Today in her we remember someone who showed enormous dignity in times of deep emotional distress. She may be only a footnote in the Grillparzer biography, but her letters reveal her to have been one of the great literary heroines.
Update 28.03.2019
A small update to the genealogical information about the Höchners from Swiss sources has been worked into the existing text.
Der Autor dankt dem Staatsarchiv St.
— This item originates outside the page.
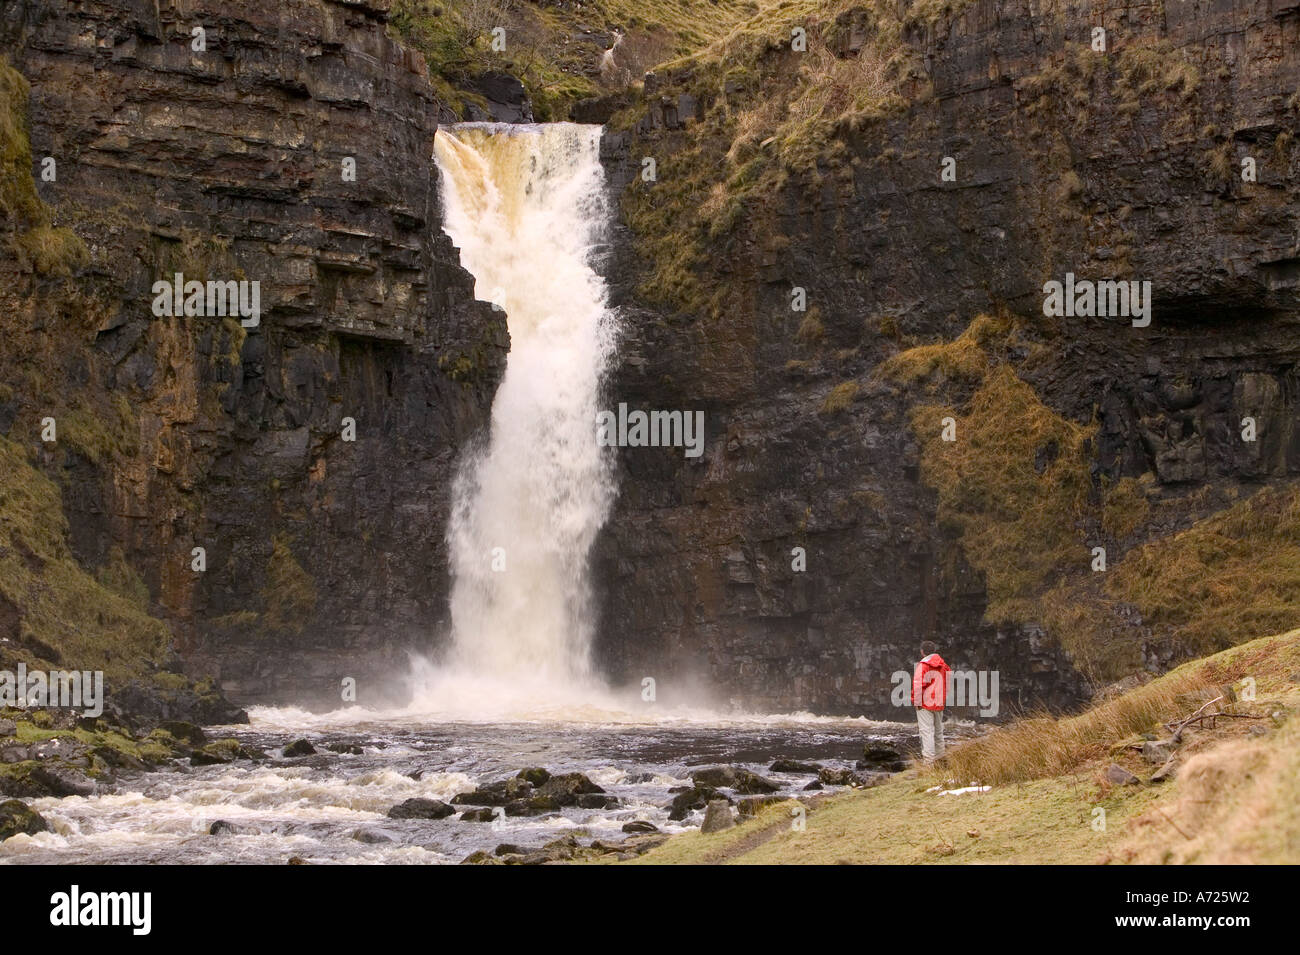 Inver tote waterfalls, Trotternish Peninsular, Isle of Skye, Scotland - Stock Image

Gallen und speziell dem Archivar Herrn Marcel Müller für die zügige Unterstützung unserer Recherchen über die Höchners in Rheineck.
Update 10.04.2019
Many new entries and images in the biographical section dealing with the Höchner family in Vienna; some changes in other sections in response to this new information, some small errors have been corrected.
The image of Katharina Fröhlich which we first displayed was actually that of her sister Josephine. The error occurred because in the source we used, Otto Deutsch's volume of Schubert-related images, the labels on these illustrations were reversed. It is unfortunate that the originals of these remarkable chalk drawings are buried offline somewhere. Some other images of Kathi and her sisters have been added in compensation.